I’m a non-partisan Canadian radical feminist. Born and bred in a small, isolated northern town, I moved to Toronto for university and lived there for about 20 years until picking up once again and moving to a another small town in Ontario. I work in regulatory compliance in the financial industry. Proudly approaching spinsterhood in my early 40s, I’m happily single with no children. I have a sweet, adorable cat. I love animals, gardening, hiking, reading, writing, cooking, mystery, and horror.

I’m drawn to radical feminism by its comprehensive, insightful analysis on issues that neither liberal feminism nor the left want to talk about, including the sex trade, male violence, and gender identity.

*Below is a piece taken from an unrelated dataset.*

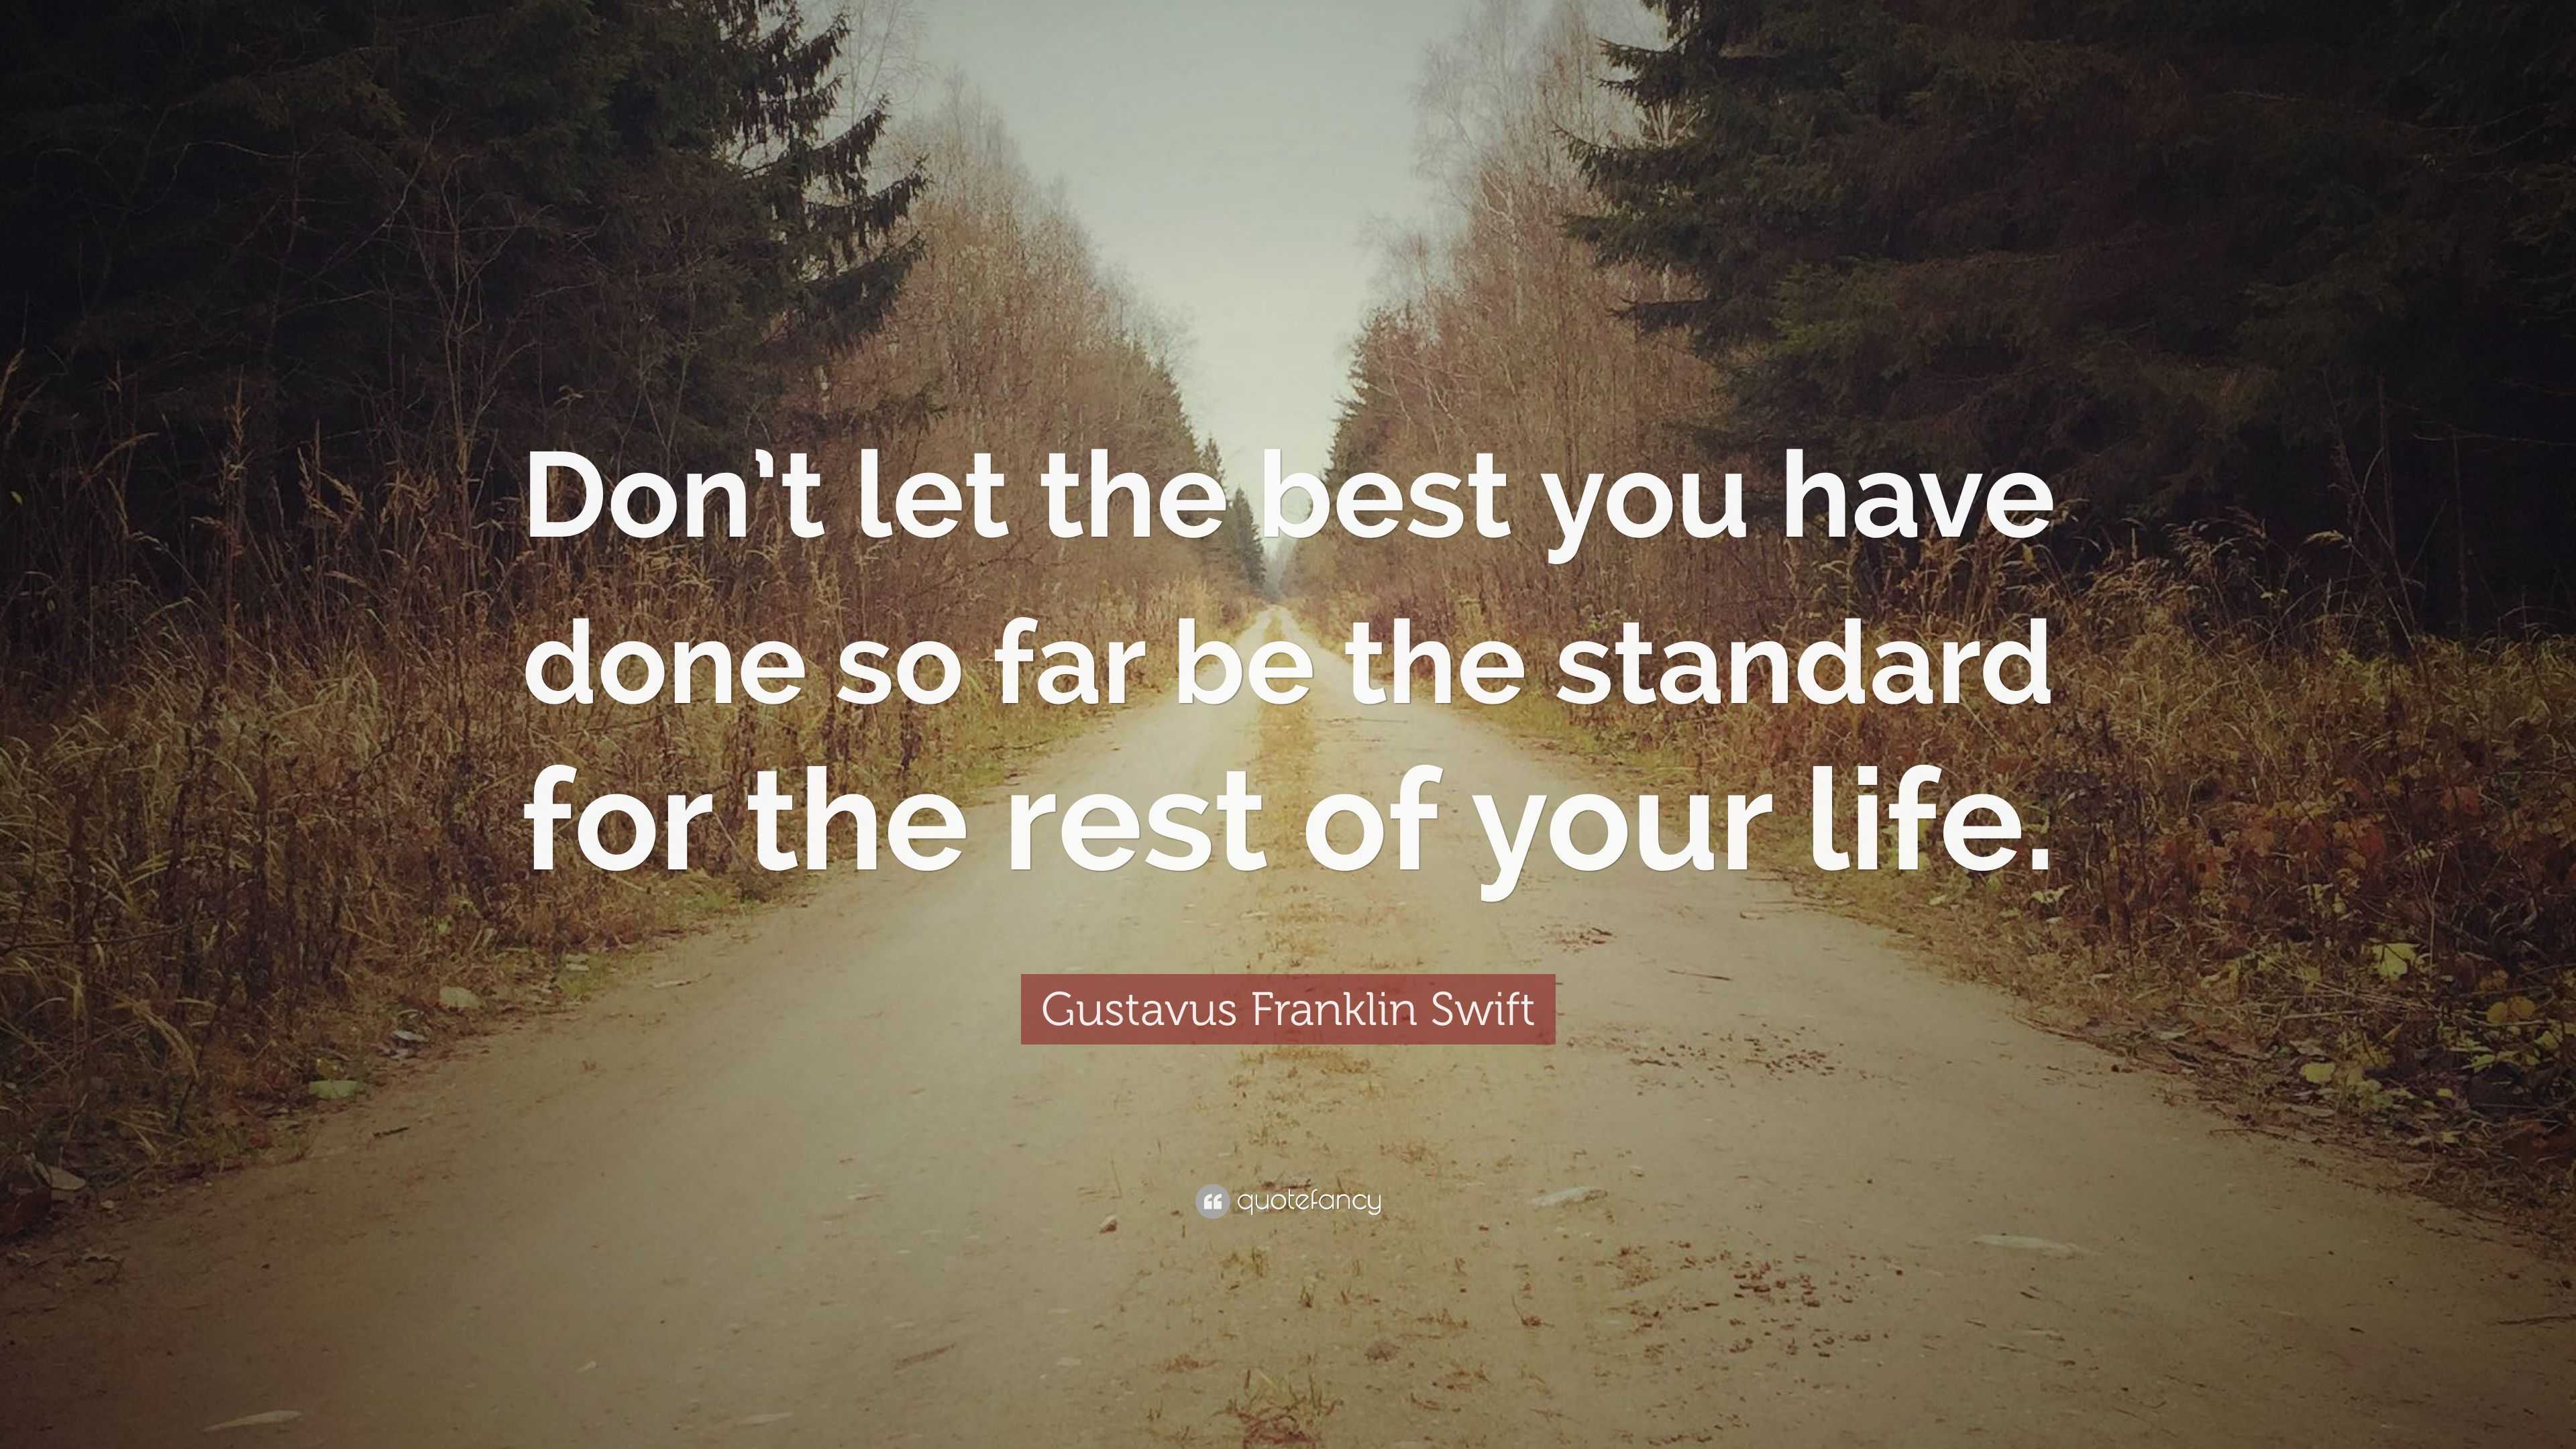 Gustavus Franklin Swift Quote: “Don’t let the best you have done so far ...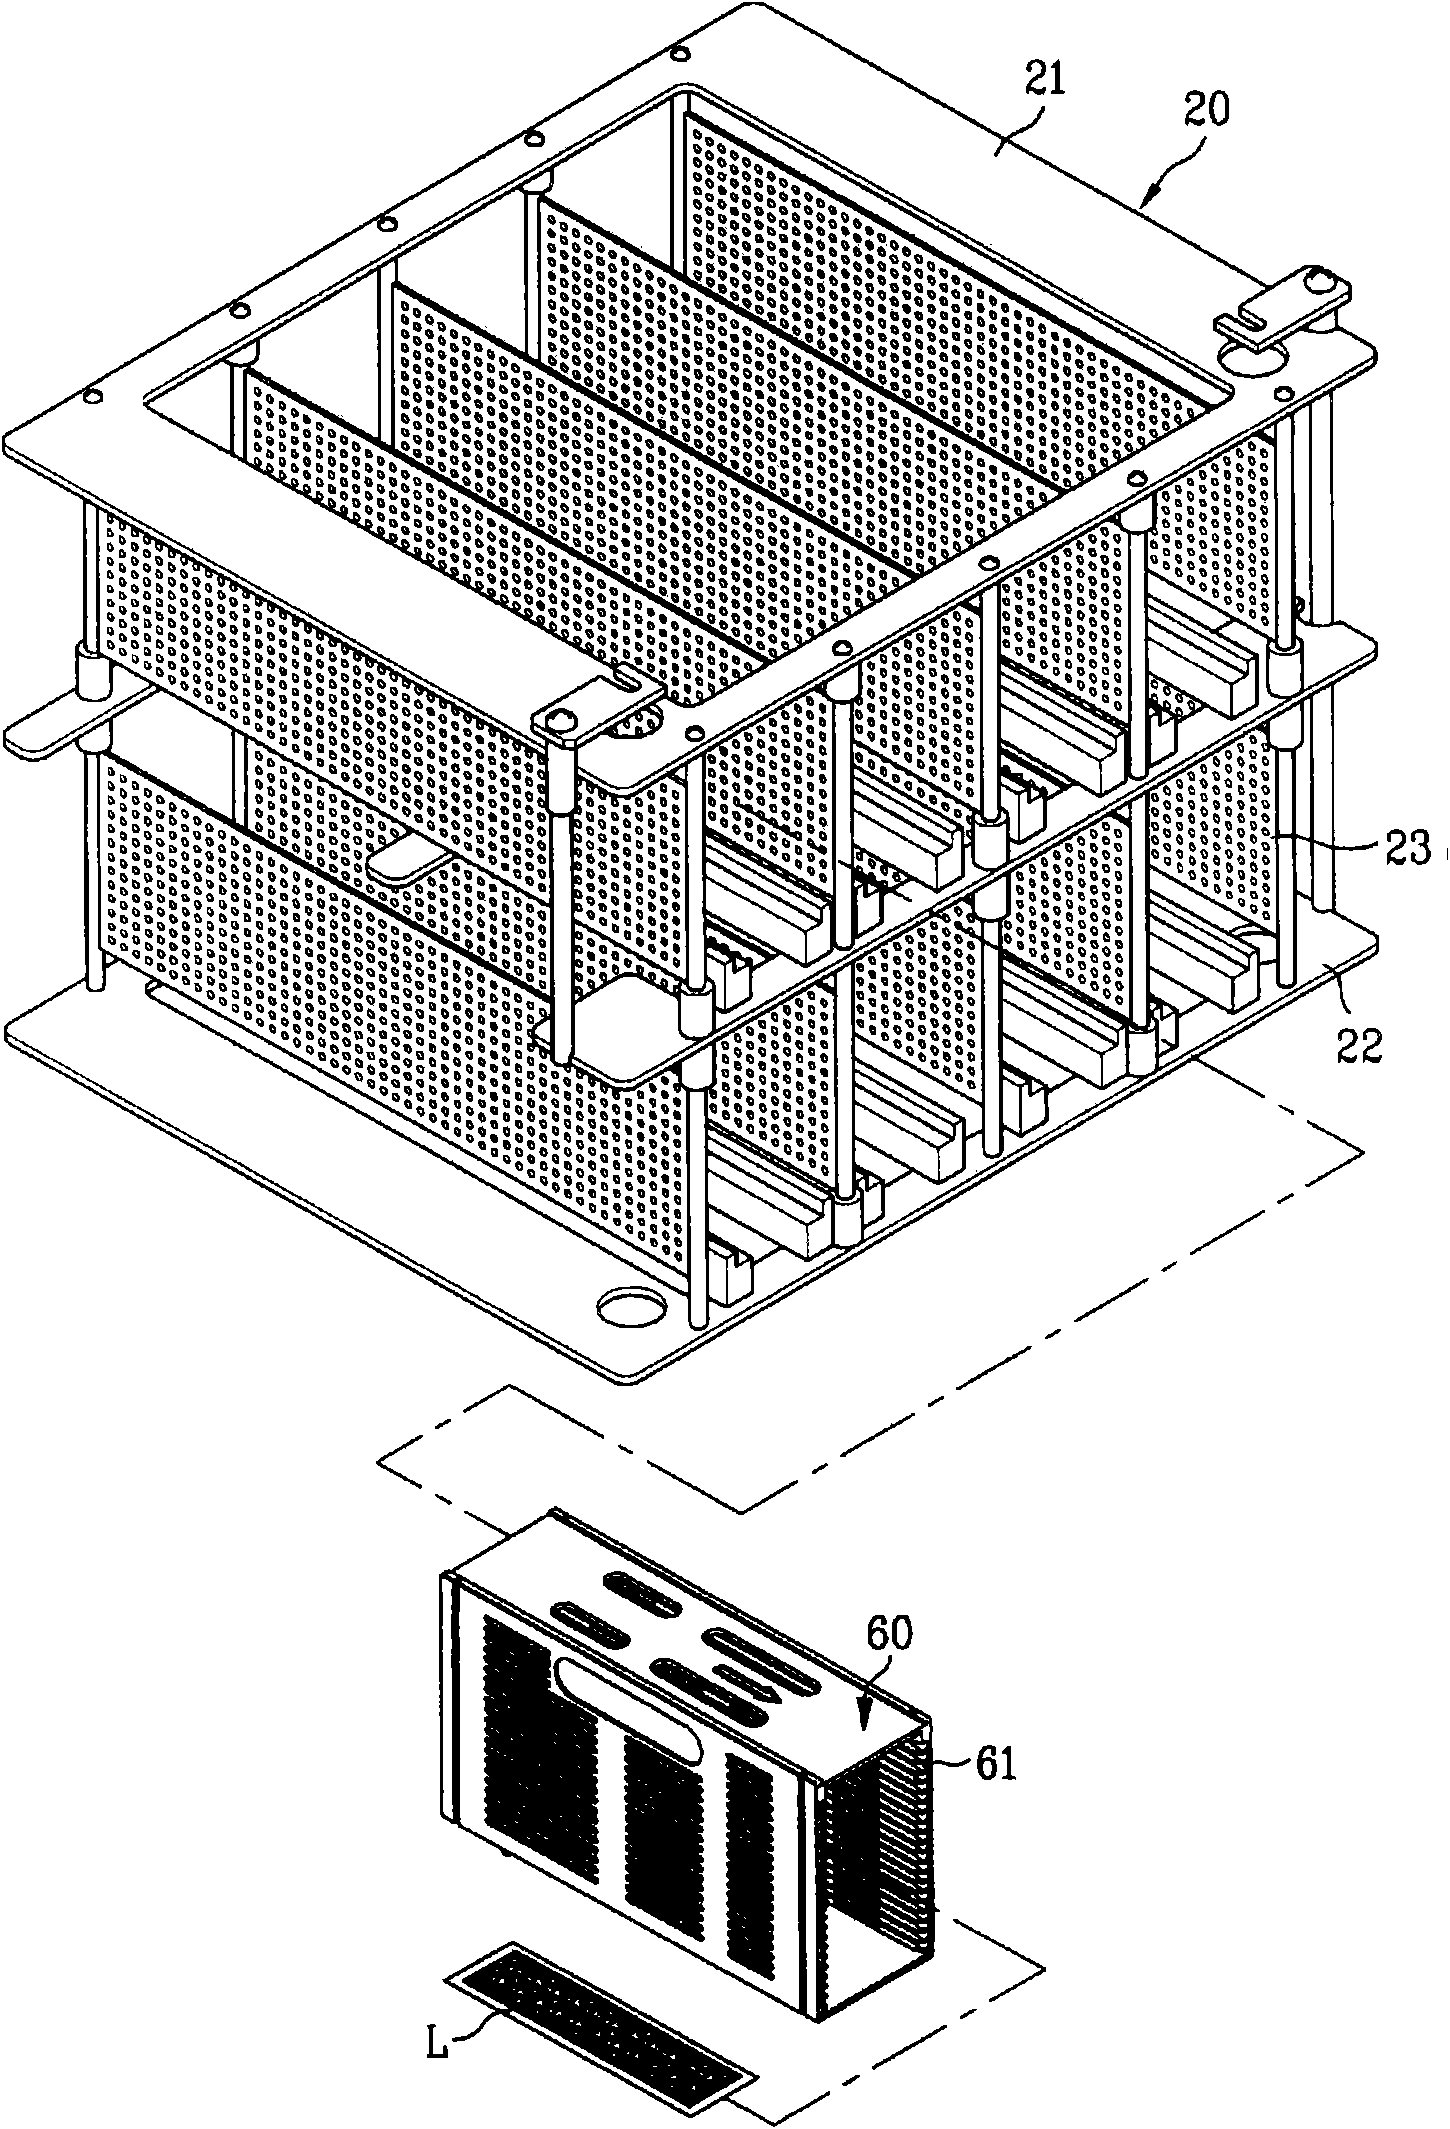 Plasma cleaning apparatus for a semiconductor panel with cleaning chambers

I’ve become disillusioned by the left’s swift and wholesale acceptance and imposition of ideologies that have no resemblance to materialist or class analysis and a culture that’s hostile to free thought, free speech, women and girls, and LGB people.

More to come…

5 thoughts on “About

  1. I really enjoyed your post critiquing choice feminism and the illusory picture it paints of feminism. -Chelsea, Johns Hopkins University, Political Science major

  2. I’m fascinated by your nom de plume, a name of the feather. With a feather women can write and fly.
    Blume means flower in German. The plant, the colour and the lavender water is called Lavendel
    And there is a famous DaDa-poem with the title An Anna Blume by Kurt Schwitter. https://en.wikipedia.org/wiki/An_Anna_Blume
    Lavender breaks the tropes and the misogyny of the poem. Red, yellow, blue, green is mentioned, but not the lavender menace.
    Anna Blume is compared with an animal, a bird and dripping
    Lavendula is female, a plant is female, a flower is female and Lavendel was female until the 20th century. Today Lavendel is male in German, the grammatical gender.